_THE DATA_
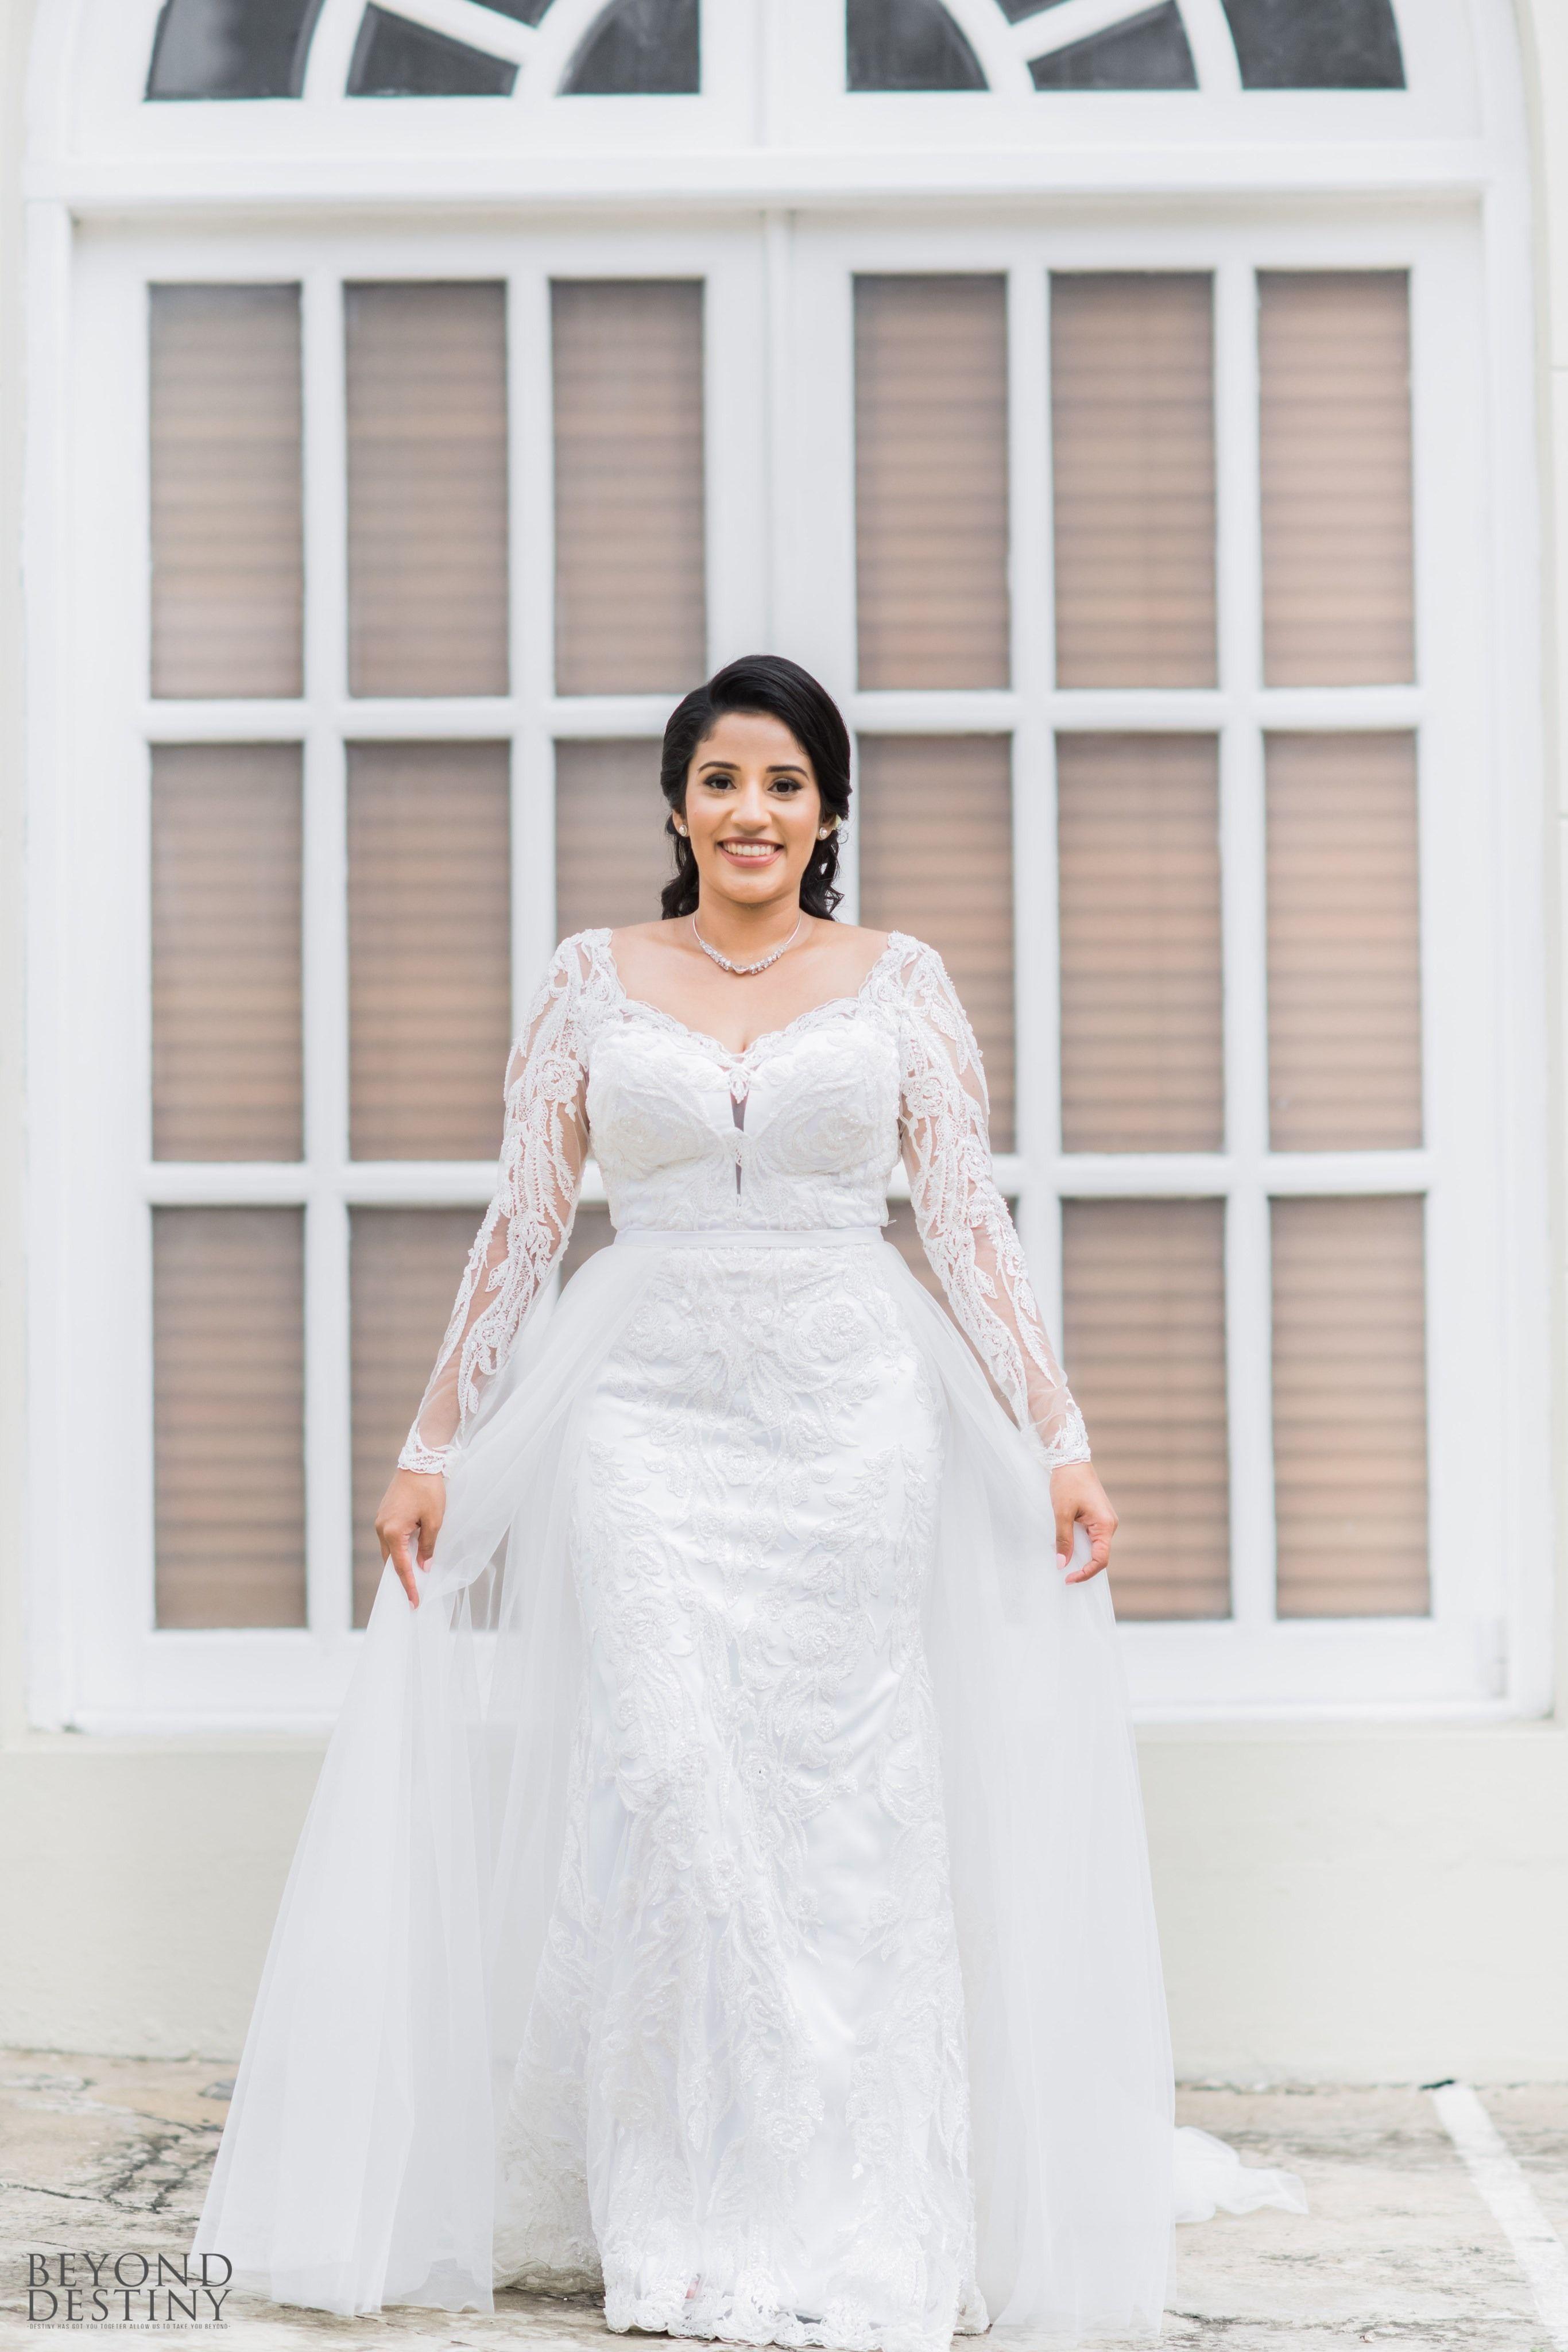 Sri Lankan Bride Wedding Bridal Ball Gown Ball Gown Wedding Dress Wedding Frocks
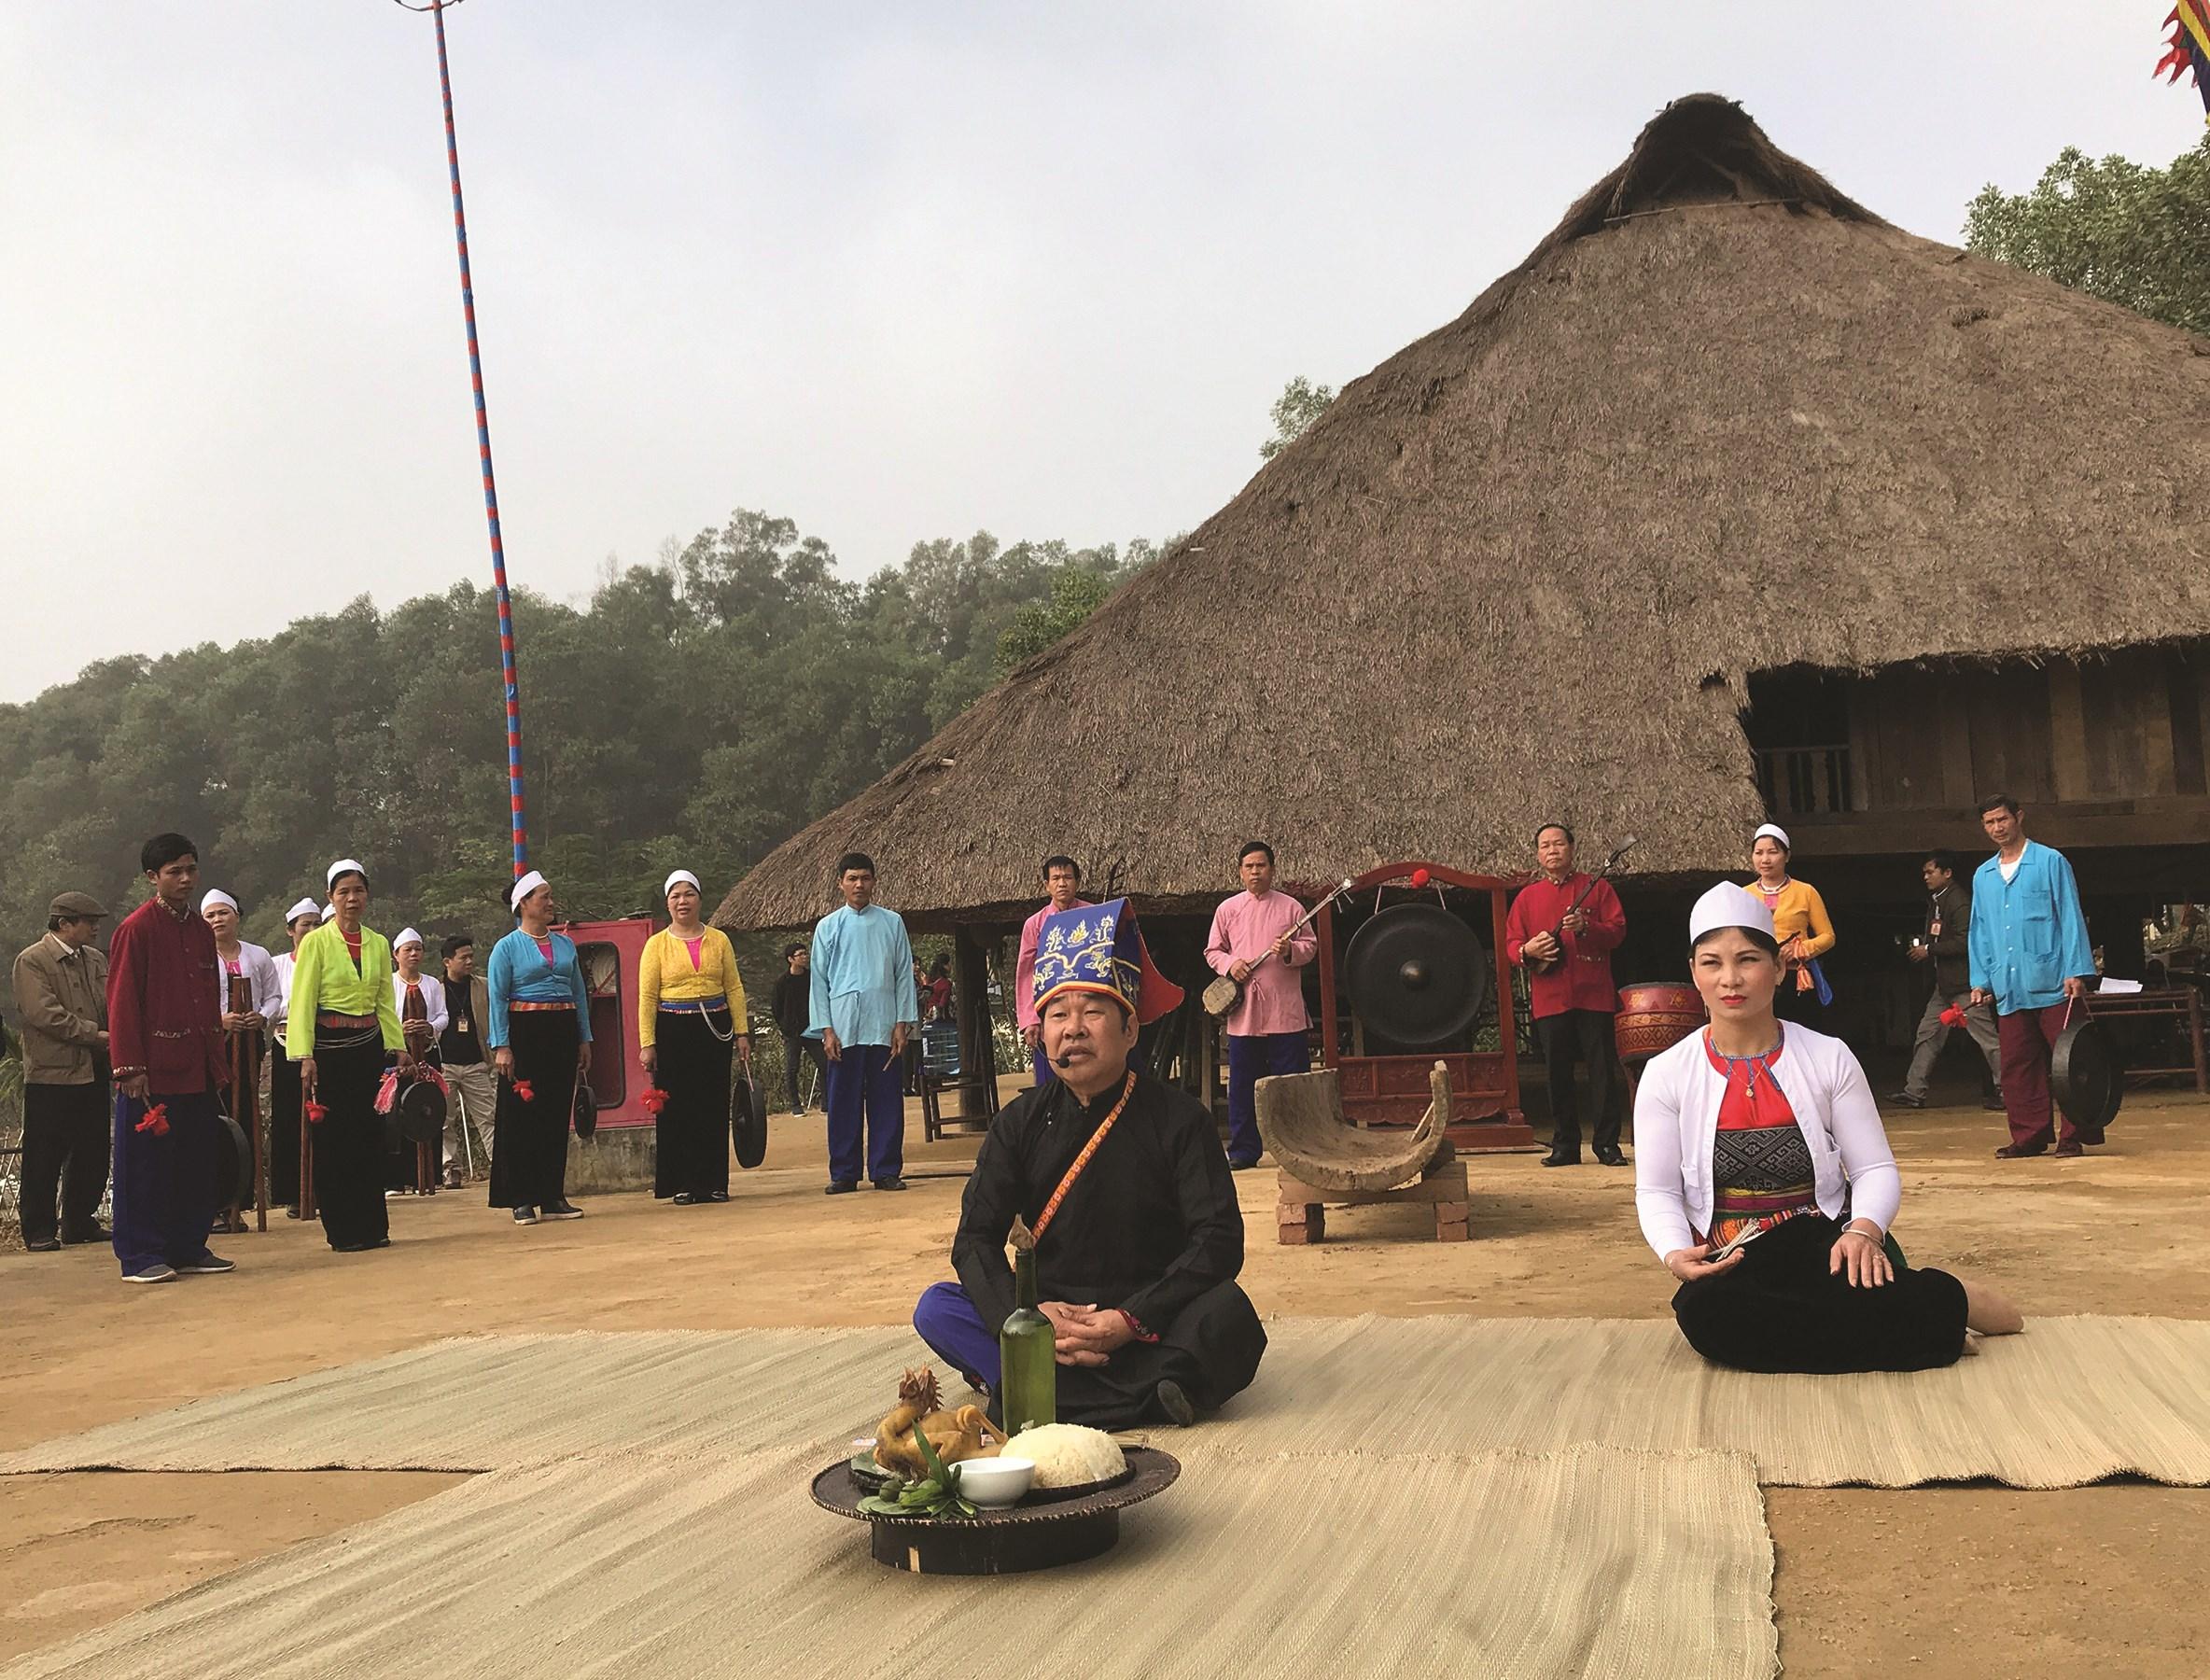 Mo Mường chân chính là nét văn hóa truyền thống tốt đẹp của dân tộc, không phải là mê tín dị đoan (ảnh Hồng Minh)
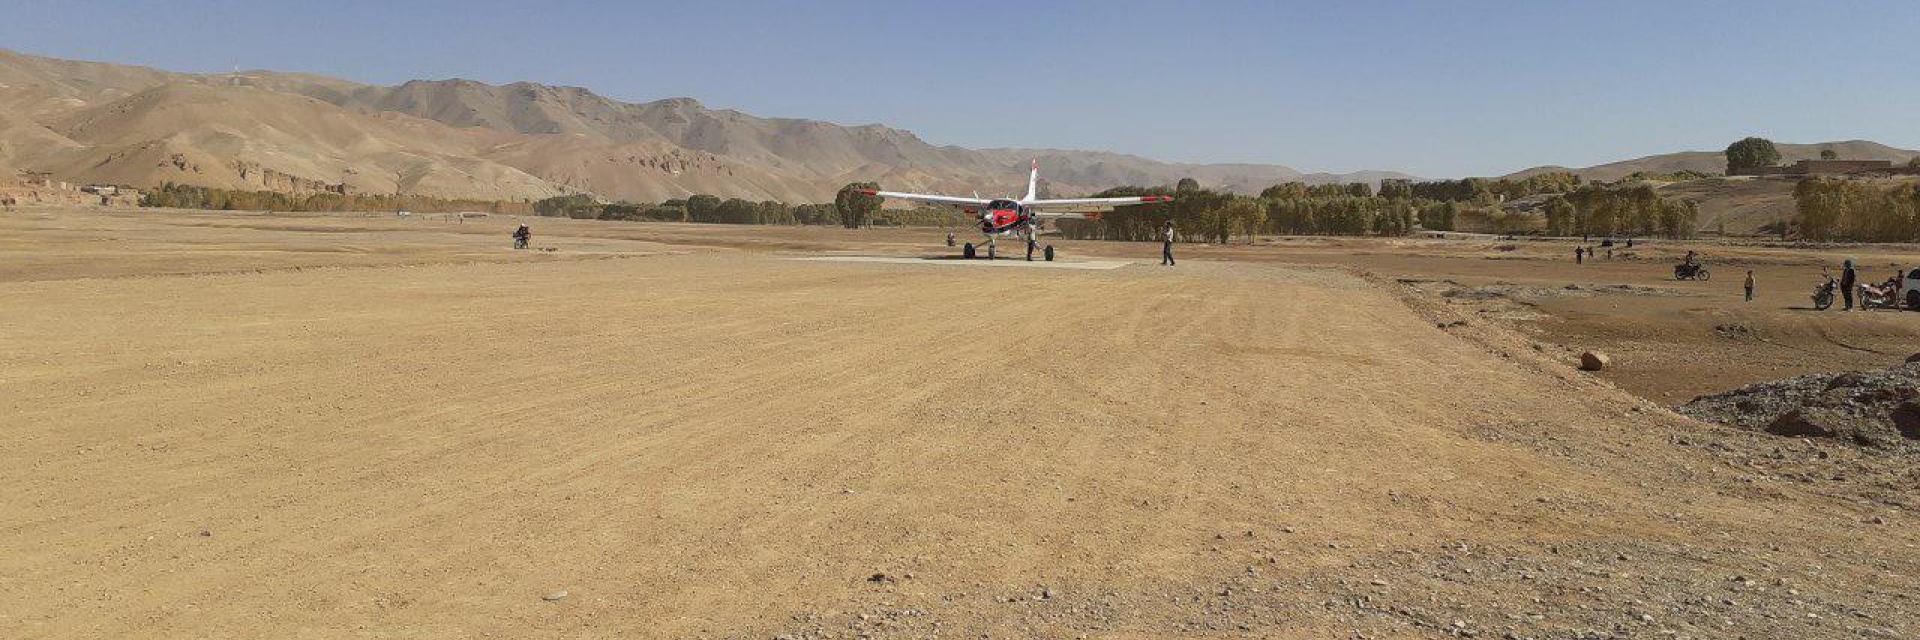 Landung erster Testflug auf neuer Landebahn

_WHAT NEEDS TO BE DONE_
Output each of the lines above exactly, apart from the images.

_ANSWER TO THE PROBLEM_
 Sri Lankan Bride Wedding Bridal Ball Gown Ball Gown Wedding Dress Wedding Frocks
 Mo Mường chân chính là nét văn hóa truyền thống tốt đẹp của dân tộc, không phải là mê tín dị đoan (ảnh Hồng Minh)
 Landung erster Testflug auf neuer Landebahn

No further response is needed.